Un huésped indeseado

Yo no estoy solo en casa, nunca. Lo siento allí conmigo. Lo he sentido muchas veces antes, pero jamás lo vi. Anoche, cuando pretendía quedarme dormido, finalmente pude hacerlo. Eran exactamente las 3 de la mañana cuando algo me despertó, no era una sensación ni algo que creí escuchar, no. Lo oí. Estaba justo en mi oreja y me susurró algo que entendí claramente: “Es la hora, levántate”, y sentí el calor de algo que me tocó la cabeza.

Quería hacerlo, con temor luché por no abrir los ojos mientras mi corazón latía sin descanso en mi pecho. Sentí como las venas que irrigan mi cerebro latían desesperadamente en mis sienes y aquella sensación de pavor hizo que se me perlara la frente. Otras partes de mi cuerpo también sudaban, mis axilas, mi pecho y hasta mis manos. No podía combatir aquella pegajosa sensación de terror que invadía mi mente y amenazaba con volverme loco (¿estaba en mis cabales?).

Luché con todas mis fuerzas y finalmente pude abrir los ojos. Mi cuerpo, inerte, no respondía a las órdenes que le dictaba mi cerebro cansado. Así estuve cerca de cinco minutos hasta que lo oí de nuevo, justo detrás de mi oreja: “Es la hora, levántate” y lo que sea que estaba allí movió mi hombro. En ese momento mi cuerpo salió disparado hacia la sala sin control alguno. Mis ojos muy abiertos nerviosamente escrutaban en la oscuridad cómplice sin ver nada. Fue en ese momento en que se materializó frente a mis ojos. Era alto, ocupaba mucho espacio y tenía una especie de sobretodo raído que le colgaba sin ganas de los hombros. No podía ver sus ojos, quité mi cara para no verle a sabiendas de que aquella “cosa” estaba frente a mi detallándome, como estudiando el terror que emanaba por mi piel. De soslayo observé cuando dio un paso al frente, y me desmayé.

Eso fue anoche. No sé cómo, pero amanecí en mi cama (¿lo habría soñado?). Cuando desperté muy entrada la mañana sentía un gran peso en mi cabeza y una sensación de lucha interna: una parte deseaba levantarse y salir corriendo, la otra luchaba por quedarse refugiada entre aquellas sábanas como si aquel cobijo fuese suficiente para alejar a aquel espectro que había visto ayer (¡no vi nada, fue una pesadilla!). Me levanté y salí de la casa con ganas de no regresar. Sabía que había algo allí. Mi soltería y la soledad de mi vida estaban jugándome una mala pasada. ¿Me estaría volviendo loco estar solo?
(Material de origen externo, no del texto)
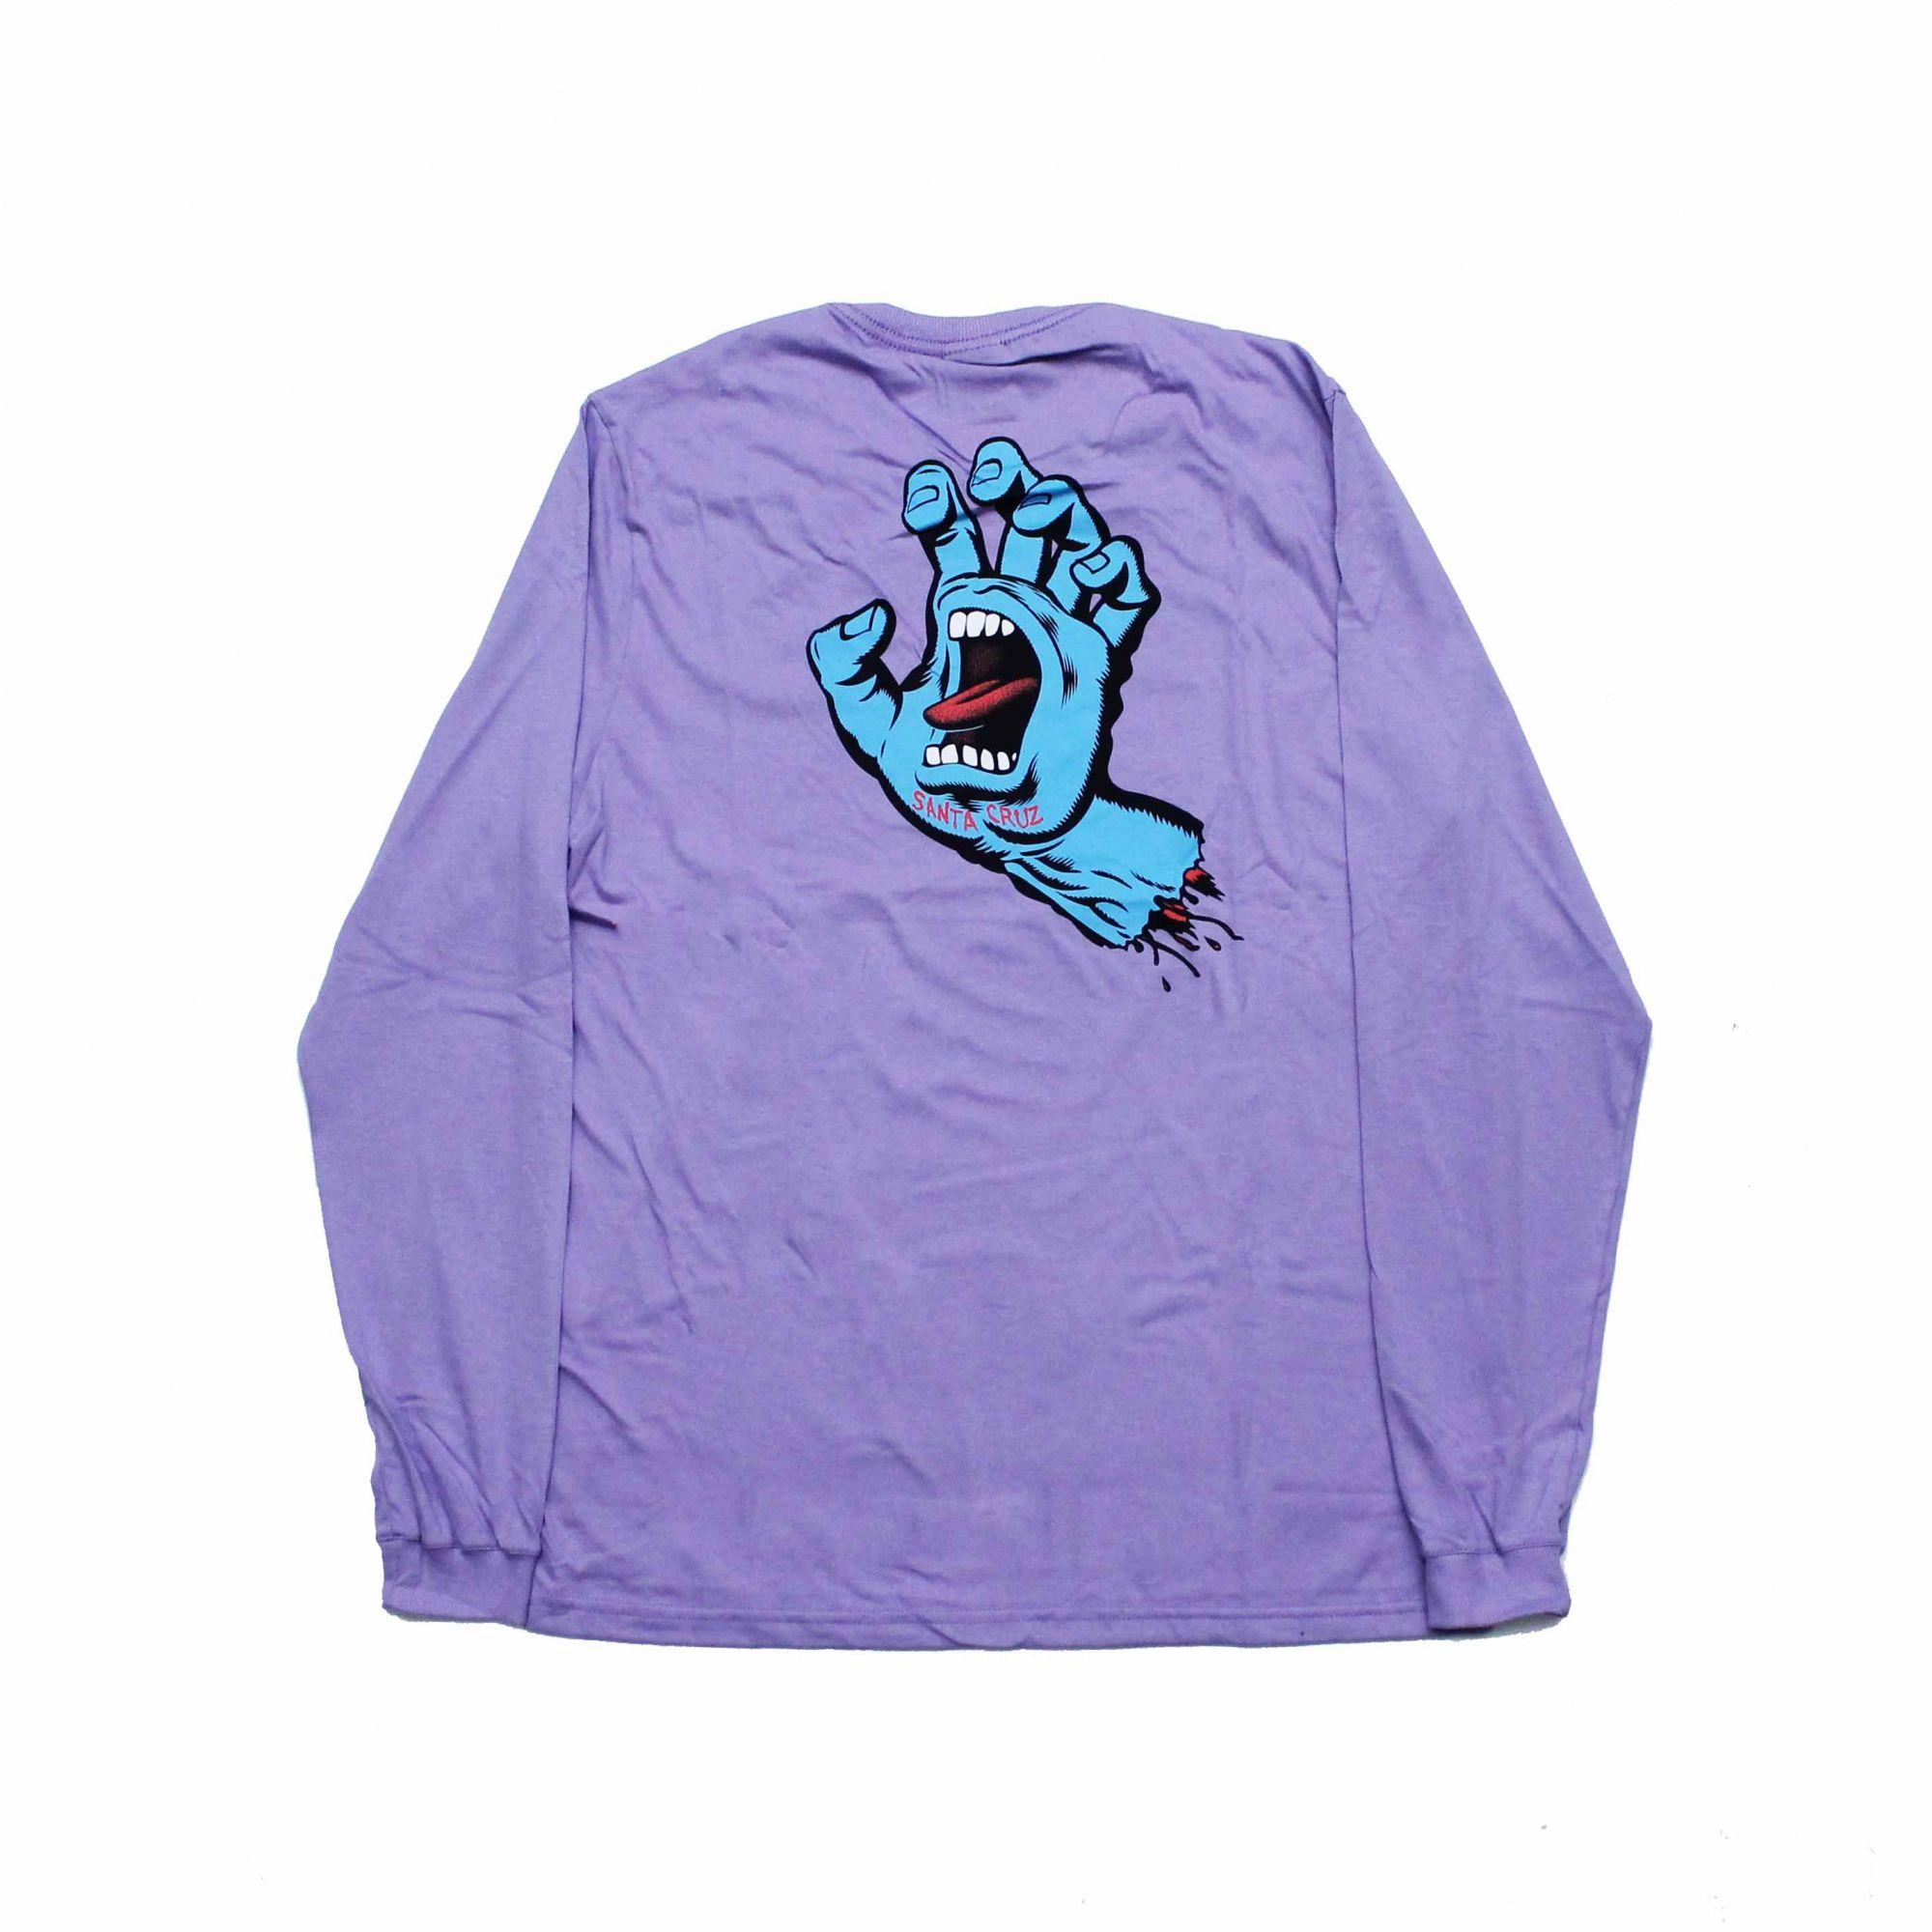 Camiseta Manga Longa Santa Cruz Frontandback Screaming Hand Lilás

Hoy tuve que regresar y apenas llegué decidí ponerme a escribir. Hacer catarsis a través de la escritura a veces alivia mi turbada mente, los problemas se disipan y mis pensamientos suelen descansar para dirigirse a un solo punto: el final del texto.

Pero creo que no podré terminar, se está haciendo de noche y mi soledad está invadiéndome nuevamente. Siento que no estoy solo aquí. Encendí las luces de mi pequeño apartamento. Con tres interruptores ya todo está iluminado, no hace falta más. El terror volvió a entrar en todo mi ser cuando, sentado aquí en mi computadora, sentí que se apagó la luz del cuarto. Luché con mi mente para que se calmara, para que entendiera que era posible que la bombilla ya necesitaba cambio (¿y el ruido del interruptor?) No. No había escuchado nada. Me iba levantar en este momento a verificar eso. No había nadie allí (¿estaba seguro de ello?), pero la sensación de ahogo que acudió a mi garganta como un rayo no tiene nombre. Me puse de pie y accioné el interruptor del cuarto: la luz encendió.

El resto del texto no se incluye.